BOUTEF: A Multilingual Corpus for FakeNews in North Africa -- Language as a Weapon

The rapid spread of fake news on social media has become a major challenge, particularly in multilingual and under-resourced contexts such as North Africa. In this paper, we introduce BOUTEF, a large-scale multilingual corpus designed to study the propagation, characteristics, and impact of fake news in Algeria and Tunisia. The corpus integrates three complementary components: fake narratives, genuine narratives, and associated user-generated comments, along with verified debunking information. It covers a wide range of languages and linguistic varieties, including MSA, Algerian and Tunisian dialects, Arabizi, French, English, and code-switched language. Building on this resource, we conduct a comprehensive empirical analysis combining quantitative and qualitative approaches. We examine thematic distributions, linguistic and rhetorical strategies, sentiment patterns, and social engagement dynamics. Statistical analyses reveal significant associations between thematic categories and message veracity, as well as strong correlations between user engagement and the visibility of fake content. Our findings show that fake news relies heavily on emotionally charged narratives, sensational framing, and hybrid linguistic practices that enhance virality and audience engagement. In contrast, debunking content adopts a more factual and verification-oriented style.

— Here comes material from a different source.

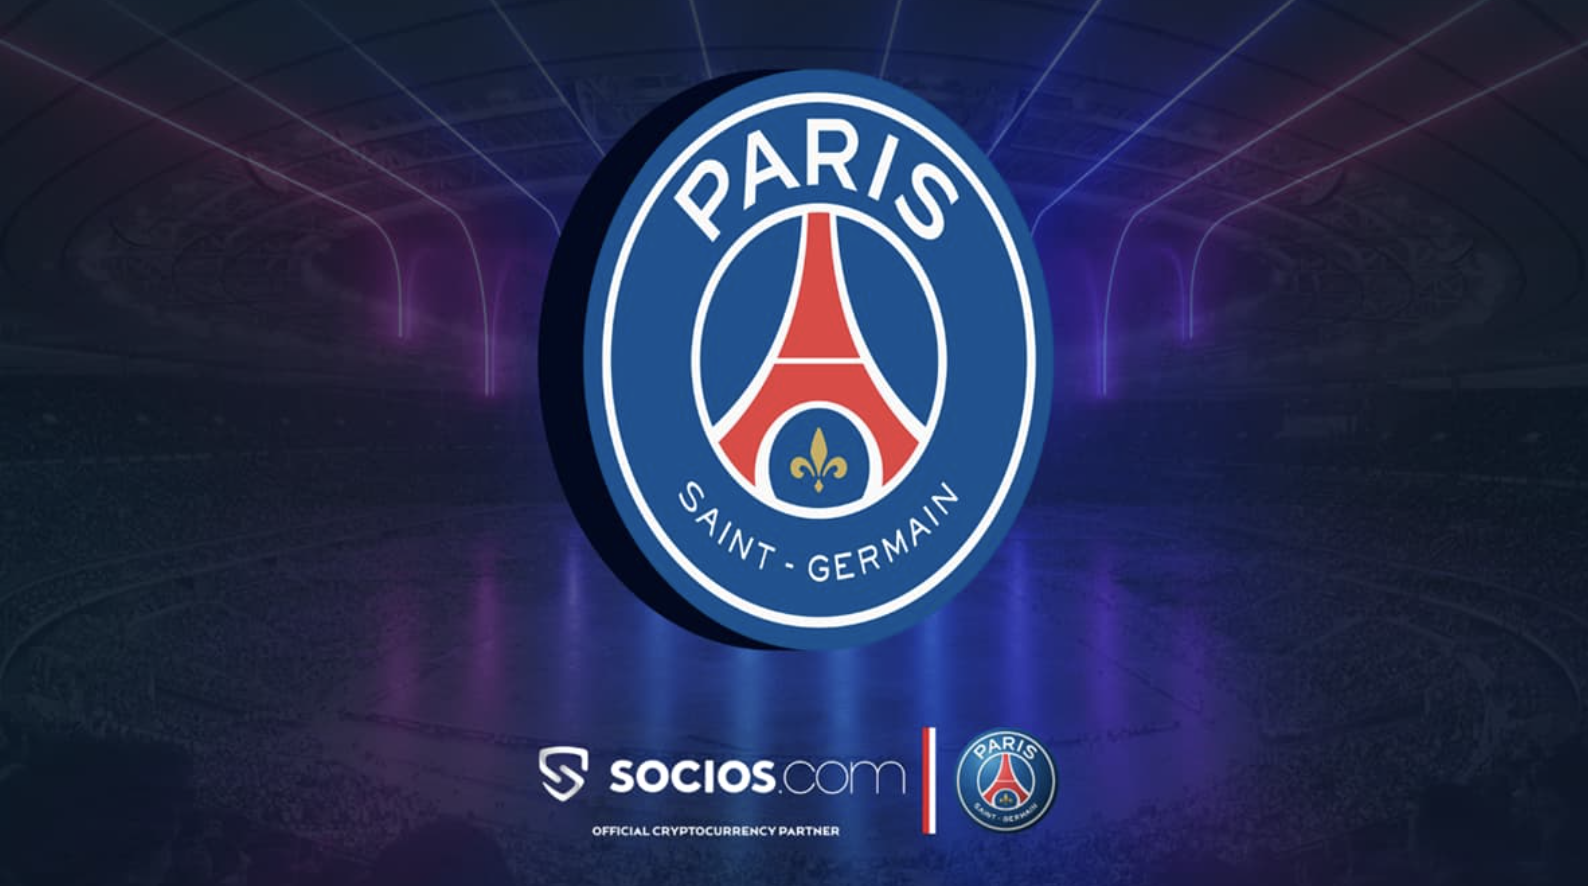 How to Get Paris Saint-Germain Fan Token?

Furthermore, a comparative analysis between Algeria and Tunisia highlights both shared dynamics and country-specific characteristics shaped by sociopolitical contexts. The results emphasize the role of informal language practices in the diffusion and reception of misinformation. By providing a rich, annotated, and publicly available dataset, this work contributes to advancing research on fake news detection, low-resource language processing, and the understanding of information disorders in complex linguistic environments.

翻译：摘要：社交媒体上假新闻的快速传播已成为重大挑战，尤其在多语种且资源匮乏的北非地区。本文介绍BOUTEF——一个大规模多语种语料库，旨在研究阿尔及利亚和突尼斯假新闻的传播特征、模式及其影响。该语料库整合三个互补组成部分：虚假叙事、真实叙事及相关用户生成评论，并附有经核实的辟谣信息。其覆盖广泛的语言及语言变体，包括现代标准阿拉伯语、阿尔及利亚及突尼斯方言、阿拉伯字母转写、法语、英语及语码转换语言。基于该资源，我们采用定量与定性相结合的方法开展全面实证分析，考察主题分布、语言与修辞策略、情感模式及社交互动动态。统计分析揭示：主题类别与信息真实性之间存在显著关联，用户参与度与虚假内容可见性之间亦呈强相关。研究发现，假新闻高度依赖情感化叙事、煽情框架及混合语言实践，以增强病毒式传播与受众参与度；相比之下，辟谣内容则更偏向事实核查导向风格。此外，阿尔及利亚与突尼斯的比较分析既凸显出共性传播动态，也揭示了受社会政治情境塑造的国别特征。研究结果强调了非正式语言实践在错误信息扩散与接收中的作用。通过提供经过丰富标注且公开可用的数据集，本工作为推进假新闻检测、低资源语言处理及复杂语言环境中信息失序现象的研究作出贡献。